The Foglight console is slow, overload messages are reported, the CPU usage on the FMS host is high, and a script associated with the Event Log rule is taking a lot of invocation time.
The Foglight console is slow.
The CPU usage on the FMS host has increased markedly. The CPU usage varies from about 100% - 400% on the Linux host.
The problem was noted after deploying WindowsAgents.
"overload" messages like the following are reported in the Management server logs. 2016-04-25 20:38:12.919 WARN [QuartzScheduler.Monitor_Worker-4] com.quest.nitro.service.data.DataService - The server has reached an overload state. 4,717 batches of data have been discarded.

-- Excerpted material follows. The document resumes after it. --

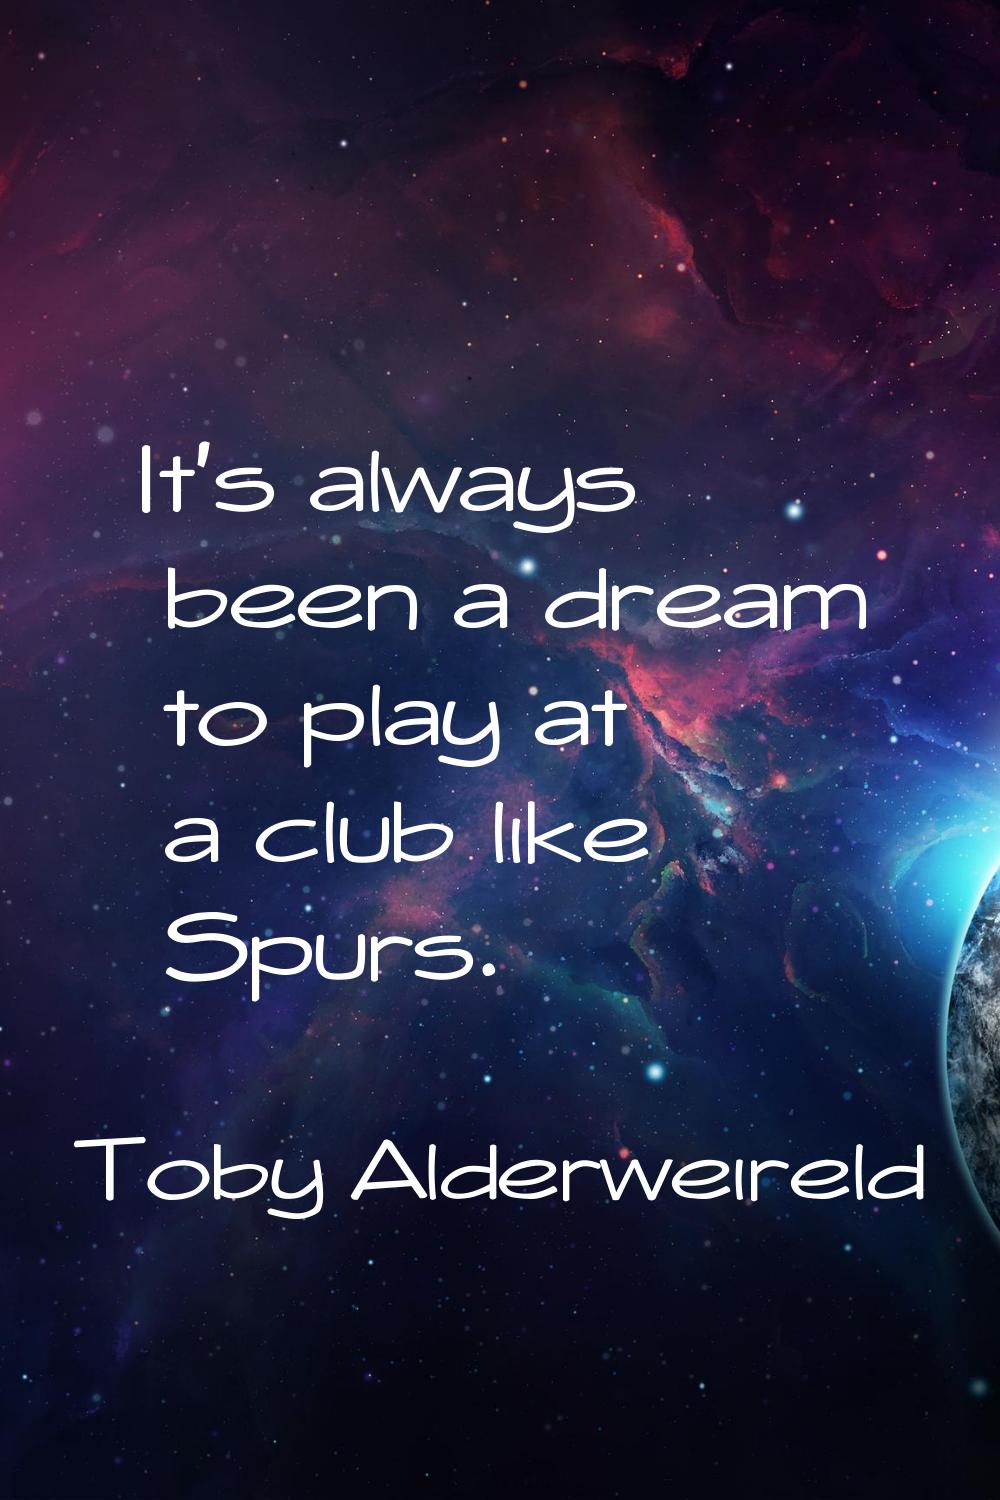 It's always been a dream to play at a club like Spurs.

The "Total Top Script Invocation Time" graph in the Performance Report indicates a script associated with the Event Log rule is taking a lot of invocation time (on the order of days):
Following is an excerpt of an example thread that references the script: "Data-3-thread-1285184" #2442783 prio=5 os_prio=0 tid=0x00007f93c400f800 nid=0x4ef2 runnable [0x00007f93a587a000] java.lang.Thread.State: RUNNABLE at java.util.Arrays.copyOfRange(Arrays.java:3664) at java.lang.String.<init>(String.java:201) at java.lang.StringBuilder.toString(StringBuilder.java:407) at org.codehaus.groovy.runtime.StringGroovyMethods.plus(StringGroovyMethods.java:2450) at org.codehaus.groovy.runtime.dgm$1009.invoke(Unknown Source) at org.codehaus.groovy.runtime.callsite.PojoMetaMethodSite$PojoMetaMethodSiteNoUnwrapNoCoerce.invoke(PojoMetaMethodSite.java:271) at org.codehaus.groovy.runtime.callsite.PojoMetaMethodSite.call(PojoMetaMethodSite.java:53) at org.codehaus.groovy.runtime.callsite.AbstractCallSite.call(AbstractCallSite.java:116) at Cartridge_Infrastructure_Rule_Event_Log_Severity_Fire_Expression_message_script_b61c2769d4cf9e50be08bff5058d766e.run(Cartridge_Infrastructure_Rule_Event_Log_Severity_Fire_Expression_message_script_b61c2769d4cf9e50be08bff5058d766e.groovy:18) at com.quest.nitro.service.scripting.groovy.GroovyScript.exec(GroovyScript.java:149) ...
The "Event Log" rule caused the overload. All the data processing threads were invoking the Groovy script for the "message" expression on the rule. All the threads were concatenating strings to assemble the message.
It could be that there were a lot of events, or events with a lot of text, which then caused the rule to generate a very large message which was expensive to assemble.
RESOLUTION 1: Disable the Event Log rule.
RESOLUTION 2: Filter the events collected by the WindowAgent so that only information on Events of interest is collected.